I agree Anthropic doesn’t have a “real plan” in your sense, and narrow disagreement with Zac on that is fine.
I just think that’s not a big deal and is missing some broader point (maybe that’s a motte and Anthropic is doing something bad—vibes from Adam’s comment—is a bailey).
[Edit: “Something must be done. Anthropic’s plan is something.” is a very bad summary of my position. My position is more like various facts about Anthropic mean that them-making-powerful-AI is likely better than the counterfactual, and evaluating a lab in a vacuum or disregarding inaction risk is a mistake.]
[Edit: replies to this shortform tend to make me sad and distracted—this is my fault, nobody is doing something wrong—so I wish I could disable replies and I will probably stop replying and would prefer that others stop commenting. Tsvi, I’m ok with one more reply to this.]
(I won’t reply more, by default.)
Look, if Anthropic was honestly and publically saying
If they were saying and doing that, then I would still raise my eyebrows a lot and wouldn’t really trust it. But at least it would be plausibly consistent with doing good.
But that doesn’t sound like either what they’re saying or doing. IIUC they lobbied to remove protection for AI capabilities whistleblowers from SB 1047! That happened! Wow! And it seems like Zac feels he has to pretend to have a credible credible-plan plan.
Hm. I imagine you don’t want to drill down on this, but just to state for the record, this exchange seems like something weird is happening in the discourse. Like, people are having different senses of “the point” and “the vibe” and such, and so the discourse has already broken down. (Not that this is some big revelation.) Like, there’s the Great Stonewall of the AGI makers. And then Zac is crossing through the gates of the Great Stonewall to come and talk to the AGI please-don’t-makers. But then Zac is like (putting words in his mouth) “there’s no Great Stonewall, or like, it’s not there in order to stonewall you in order to pretend that we have a safe AGI plan or to muddy the waters about whether or not we should have one, it’s there because something something trade secrets and exfohazards, and actually you’re making it difficult to talk by making me work harder to pretend that we have a safe AGI plan or intentions that should promissorily satisfy the need for one”.
Seems like most people believe (implicitly or explicitly) that empirical research is the only feasible path forward to building a somewhat aligned generally intelligent AI scientist. This is an underspecified claim, and given certain fully-specified instances of it, I’d agree.

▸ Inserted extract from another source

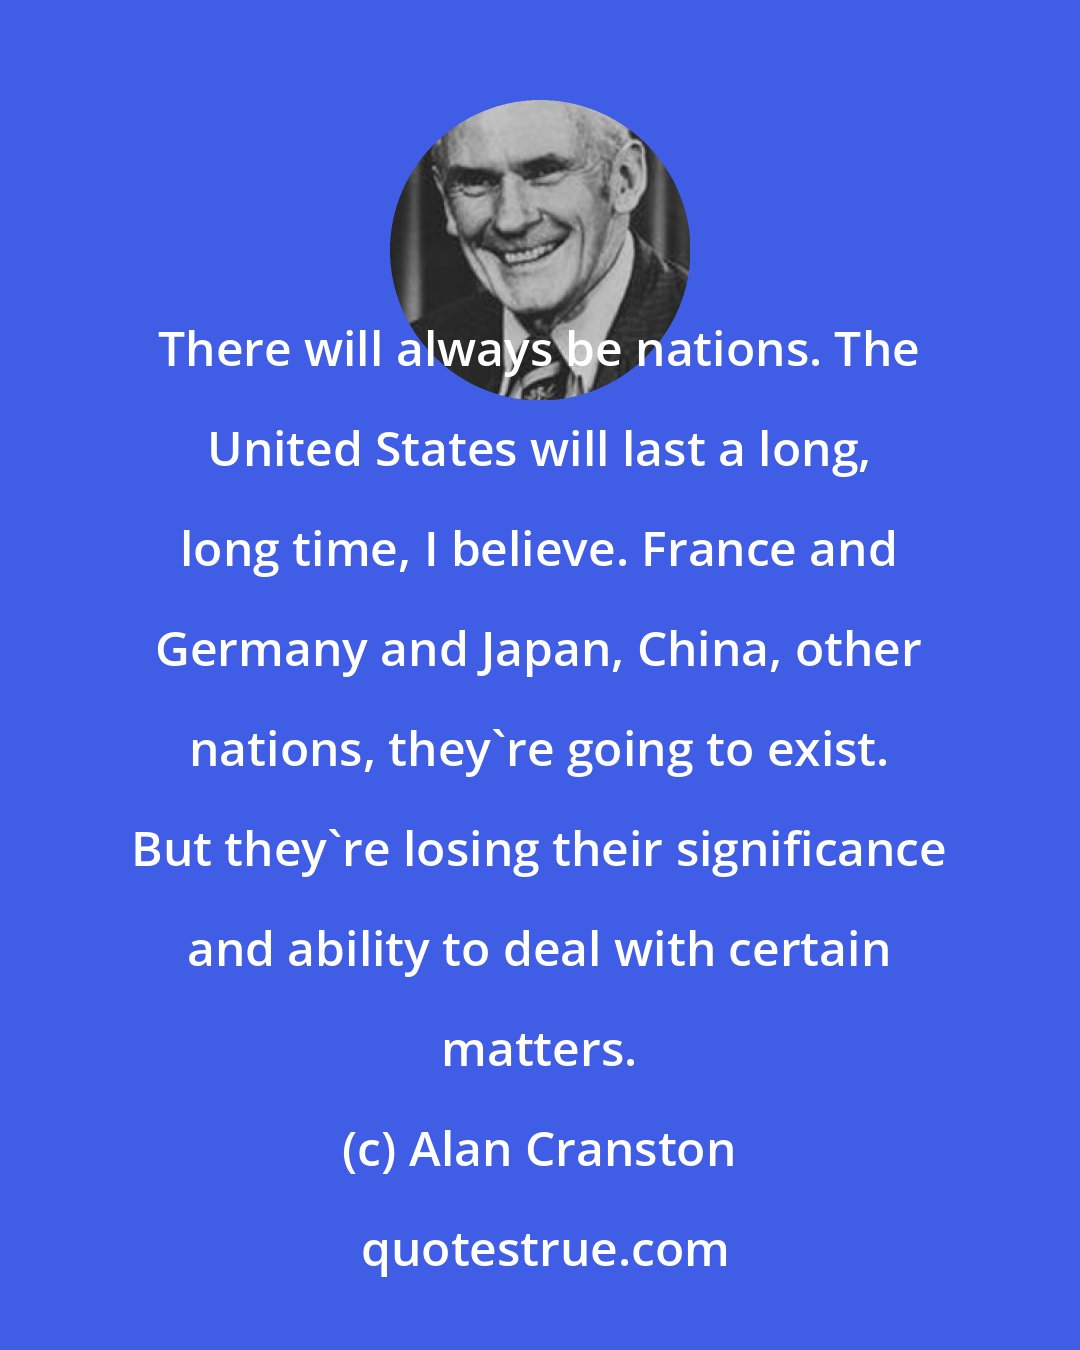 Alan Cranston: There will always be nations. The United States will last a long, long time, I believe. France and Germany and Japan, China, other nations, they're going to exist. But they're losing their significance and ability to deal with certain matters.
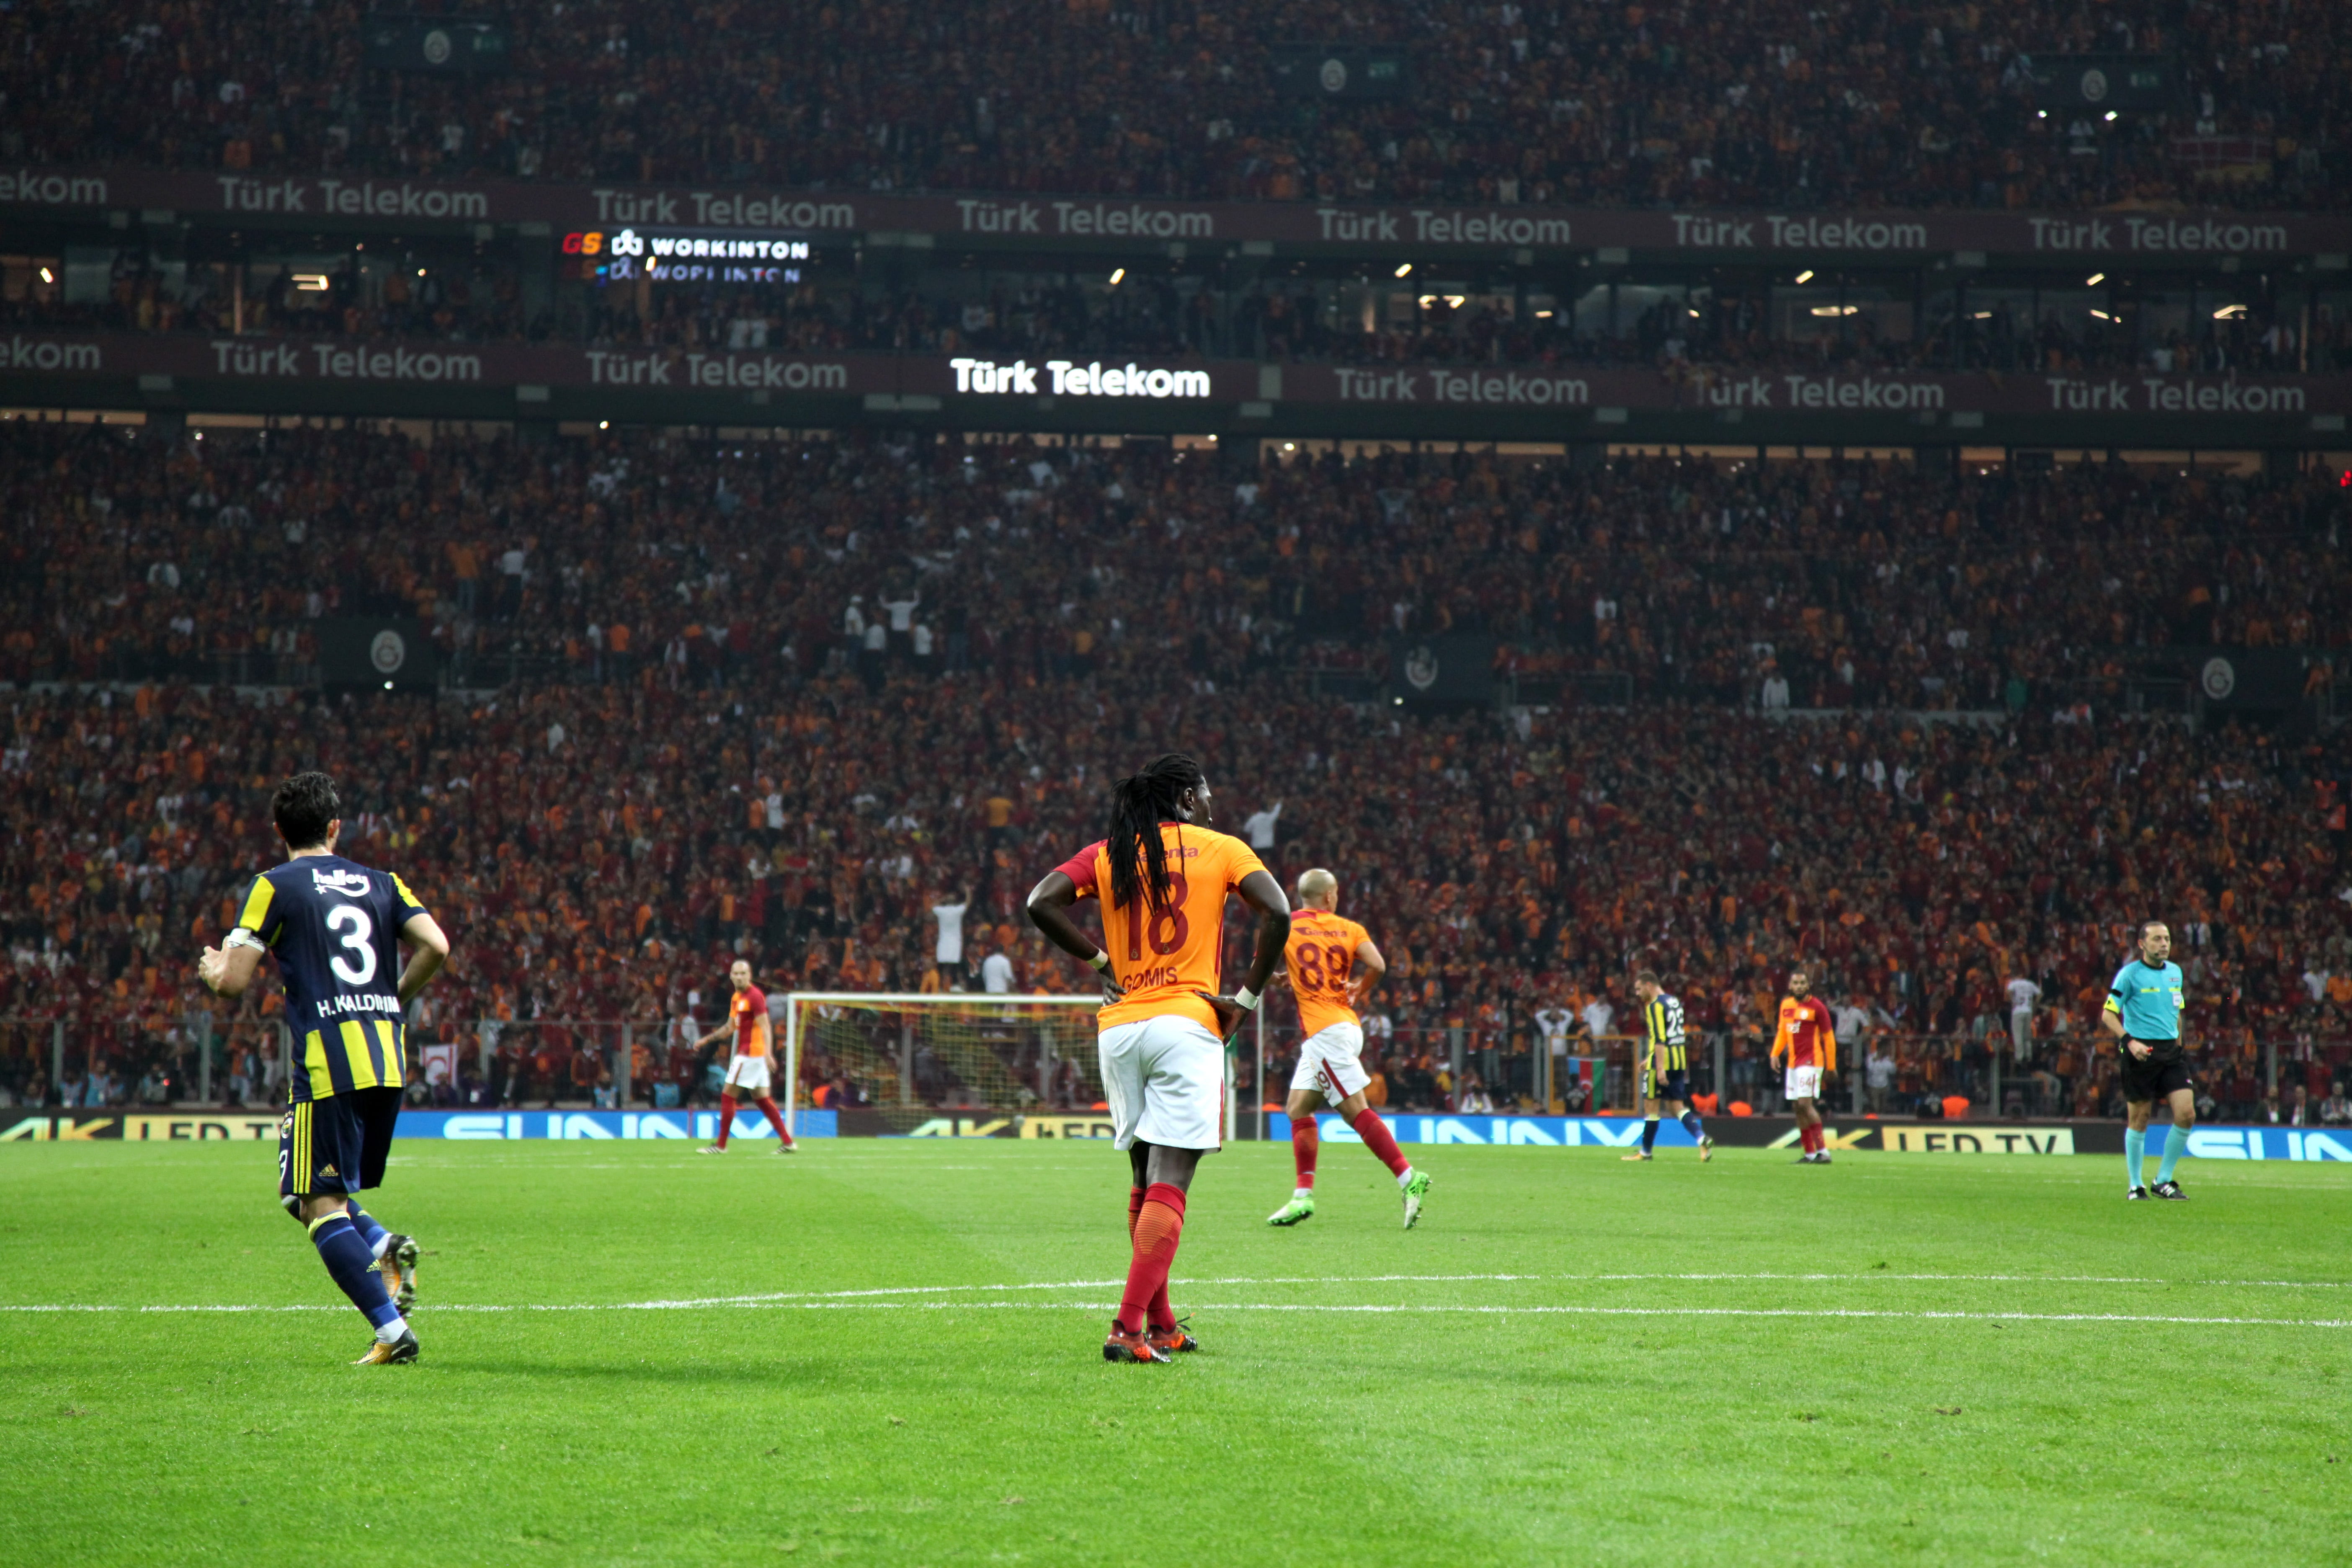 galatasaray, fenerbahce, derby, the audience, super league

But this belief leads to the following reasoning: (1) if we don’t eat all this free energy in the form of researchers+compute+funding, someone else will; (2) other people are clearly less trustworthy compared to us (Anthropic, in this hypothetical); (3) let’s do whatever it takes to maintain our lead and prevent other labs from gaining power, while using whatever resources we have to also do alignment research, preferably in ways that also help us maintain or strengthen our lead in this race.
I don’t credit that they believe that. And, I don’t credit that you believe that they believe that. What did they do, to truly test their belief—such that it could have been changed? For most of them the answer is “basically nothing”. Such a “belief” is not a belief (though it may be an investment, if that’s what you mean). What did you do to truly test that they truly tested their belief? If nothing, then yours isn’t a belief either (though it may be an investment). If yours is an investment in a behavioral stance, that investment may or may not be advisable, but it would DEFINITELY be inadvisable to pretend to yourself that yours is a belief.